On 10/23/24 8:27 AM, Konstantinos Eleftheriou wrote:
From: kelefth <konstantinos.elefther...@vrull.eu>
This pass detects cases of expensive store forwarding and tries to avoid them
by reordering the stores and using suitable bit insertion sequences.
For example it can transform this:
strb w2, [x1, 1]
ldr x0, [x1] # Expensive store forwarding to larger load.
To:
ldr x0, [x1]
strb w2, [x1]
bfi x0, x2, 0, 8
Assembly like this can appear with bitfields or type punning / unions.

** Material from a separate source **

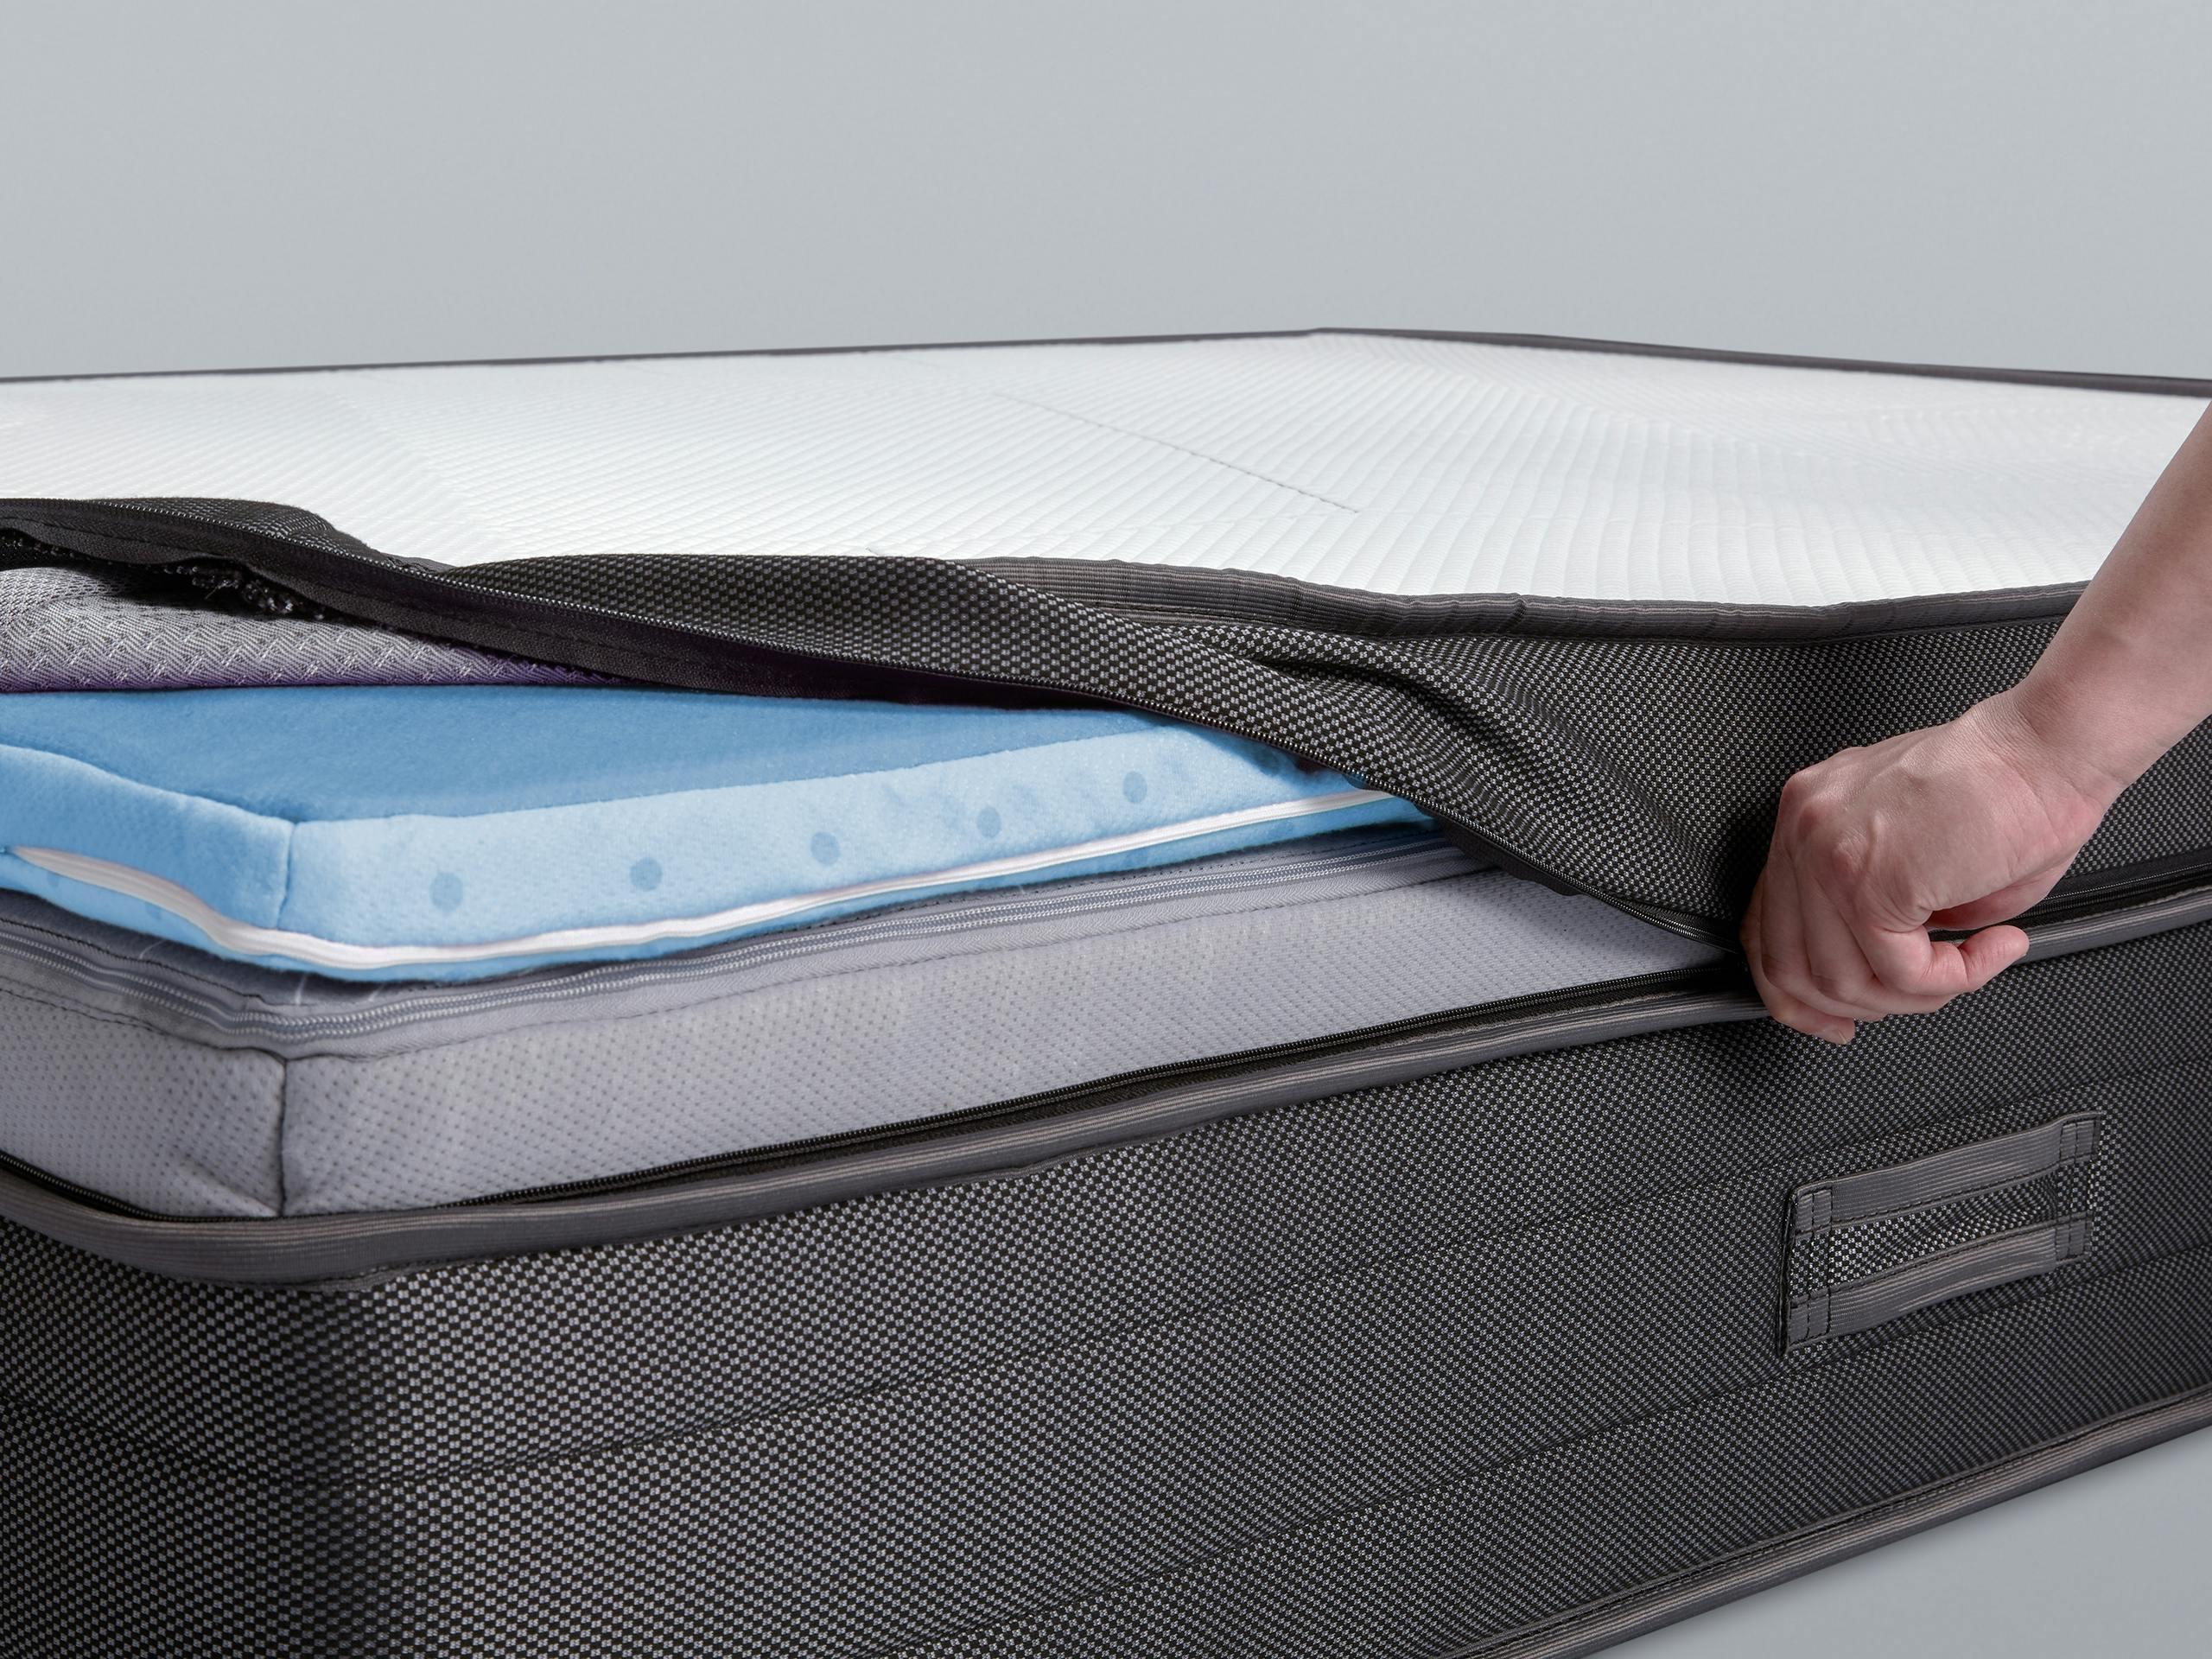 SD Mach 2 Mattress BreatheTech Cover being unzipped, revealing the AntiGravity Surface Foam and ComponentAdapt layers within.

On stress-ng when running the cpu-union microbenchmark the following speedups
have been observed.
Neoverse-N1: +29.4%
Intel Coffeelake: +13.1%
AMD 5950X: +17.5%
[ ... ]
Seems to still have some correctness issues. H8 reports this when the
pass is enabled by default:
Tests that now fail, but worked before (8 tests):
h8300-sim/-mh/-mint32: gcc: gcc.c-torture/execute/pr63843.c -O2 execution
test
[ ... ]
It looks like we miss setting the high half of the register. The good
sequence looks like:
! mov.b @er2,r3l
! mov.b r3l,@(2,er7)
mov.b @(1,er2),r2l
mov.b r2l,@(3,er7)
! mov.w @(2,er7),r0
Note the word (16 bit) move at the end of the sequence that sets both
halves of the r0 register.
The broken sequence looks like this:
! mov.b @er2,r0l
mov.b @(1,er2),r2l
+ mov.b r0l,@(2,er7)
mov.b r2l,@(3,er7)
! mov.b r2l,r0l
Note how all the assignments are byte sized and that nothing sets r0h.
We get whatever value happened to be lying around in the high half of
the register.
You should be able to see this with an H8 cross compiler and shouldn't
need a full toolchain to test. Compile with -O2 -mh -mint32. There is
only one opportunity for SFB avoidance in pr63843.
There's also a failure for bfin-elf, but I suspect it's ultimately the
same underlying issue. Obviously I'll retest once there's a fix.
jeff